*DATA SECTION*:
Content starts

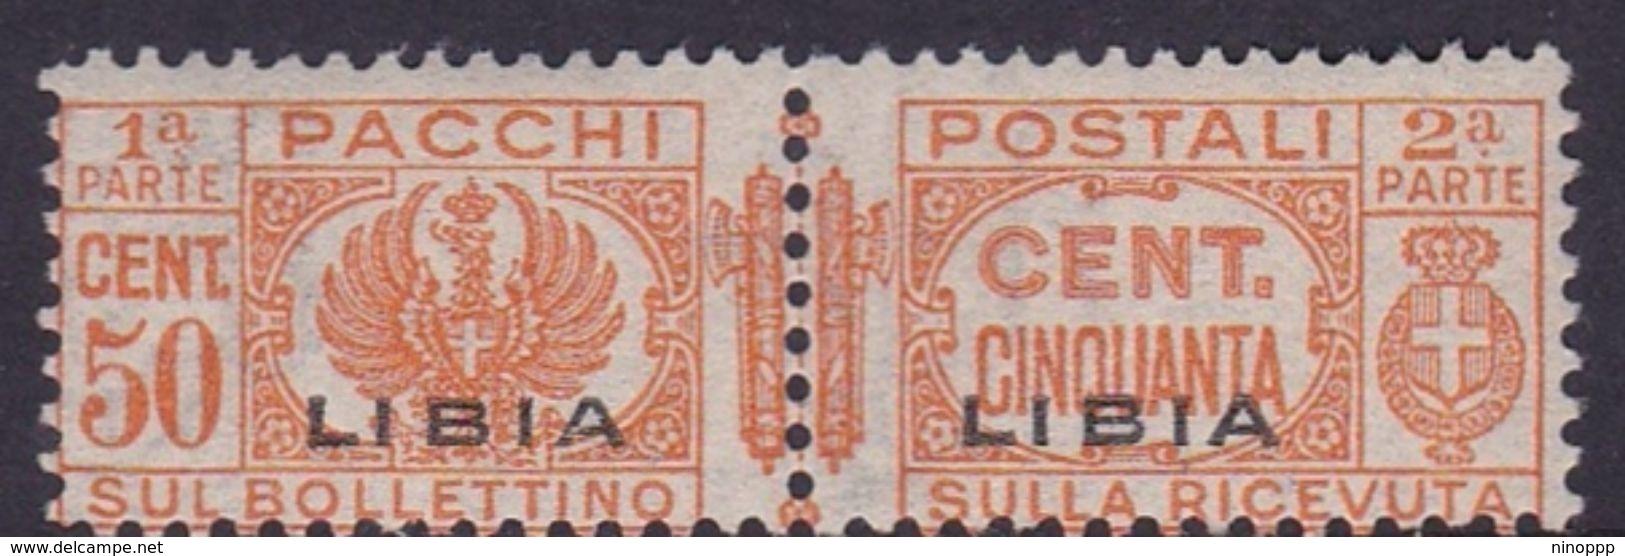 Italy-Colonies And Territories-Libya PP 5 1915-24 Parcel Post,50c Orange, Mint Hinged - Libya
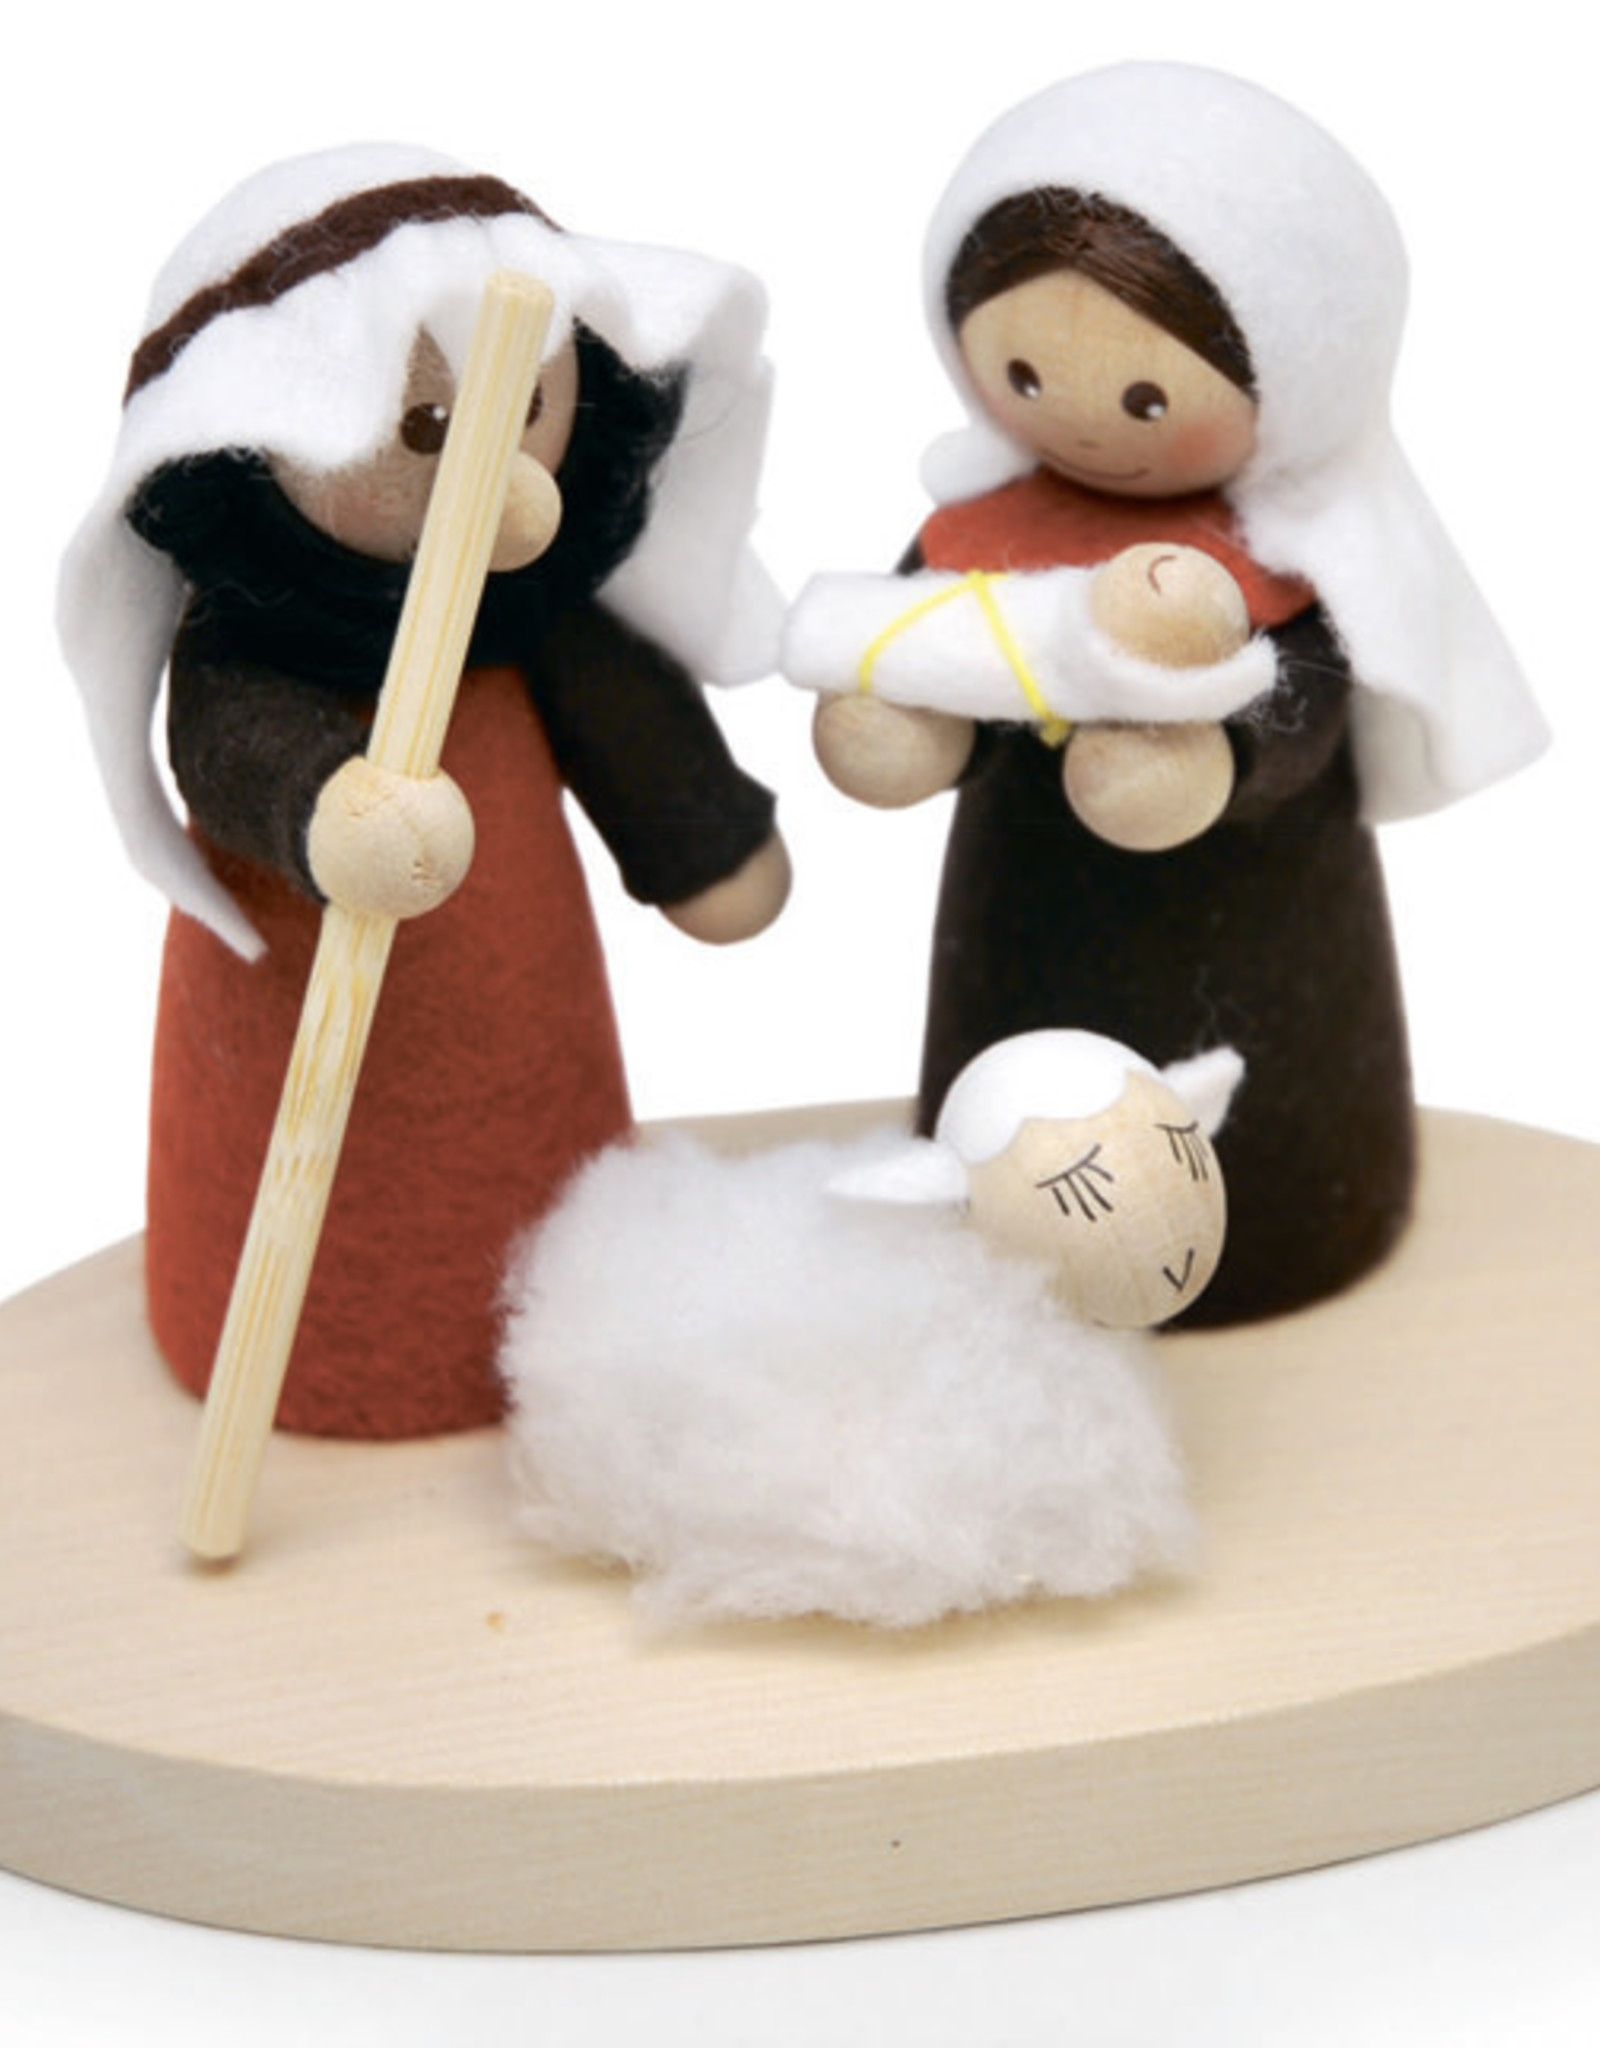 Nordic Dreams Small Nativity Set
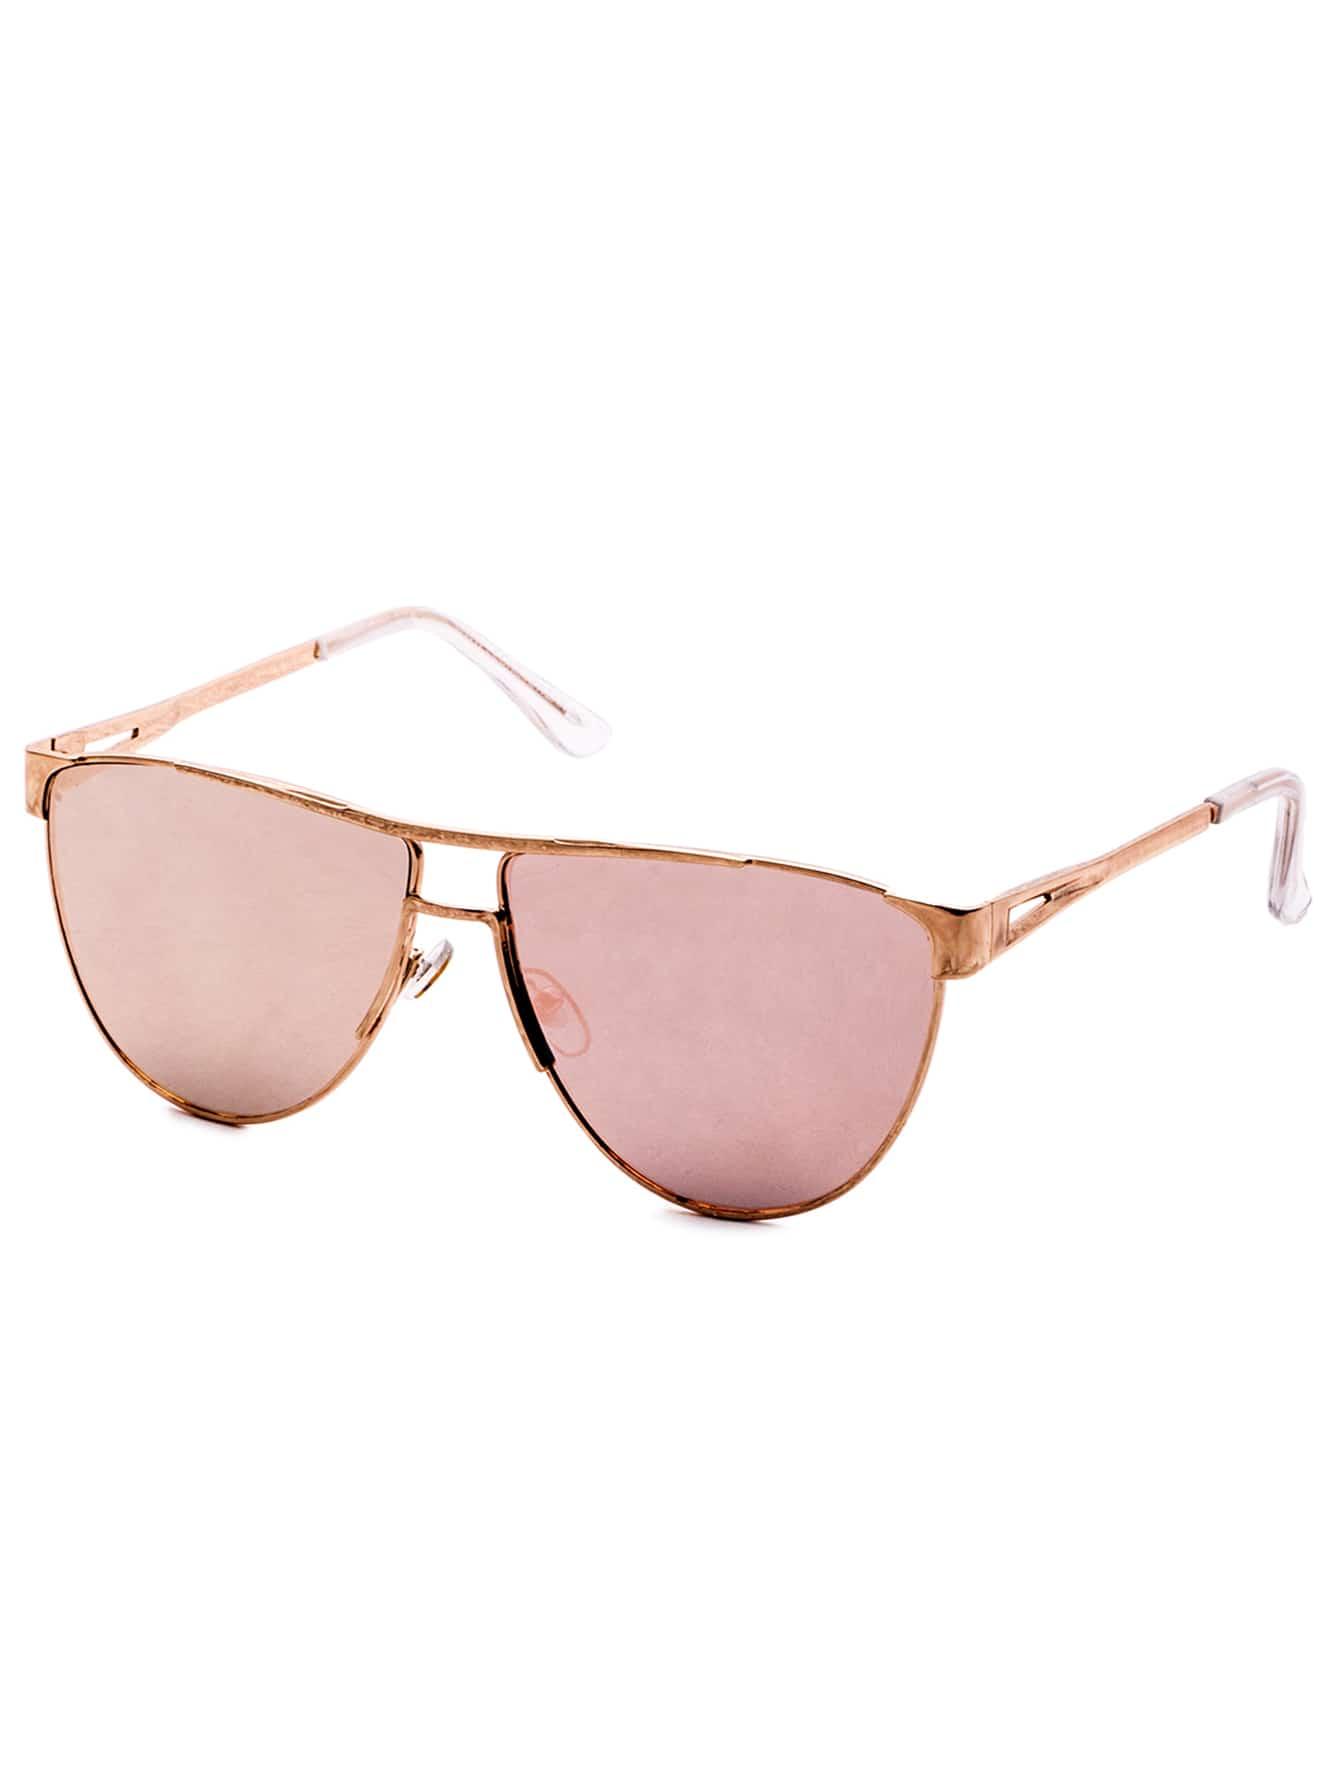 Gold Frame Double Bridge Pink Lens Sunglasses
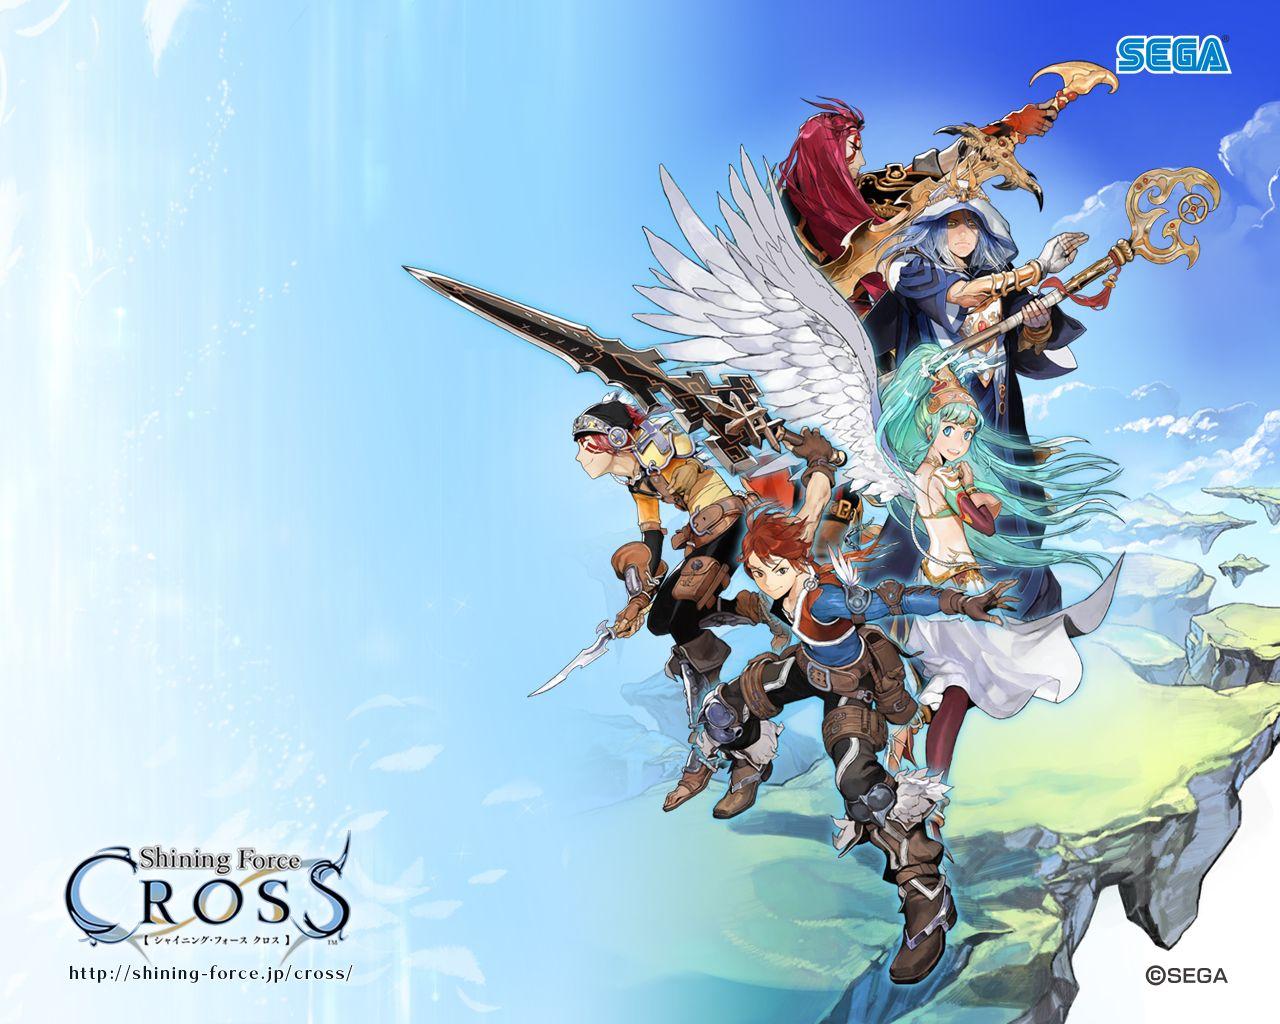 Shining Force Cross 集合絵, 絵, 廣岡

Content ends

*HOW TO COMPLETE THIS TASK*:
Your answer must be an exact copy of the listing, minus its pictures.

*RESPONSE*:
 Italy-Colonies And Territories-Libya PP 5 1915-24 Parcel Post,50c Orange, Mint Hinged - Libya
 Nordic Dreams Small Nativity Set
 Gold Frame Double Bridge Pink Lens Sunglasses
 Shining Force Cross 集合絵, 絵, 廣岡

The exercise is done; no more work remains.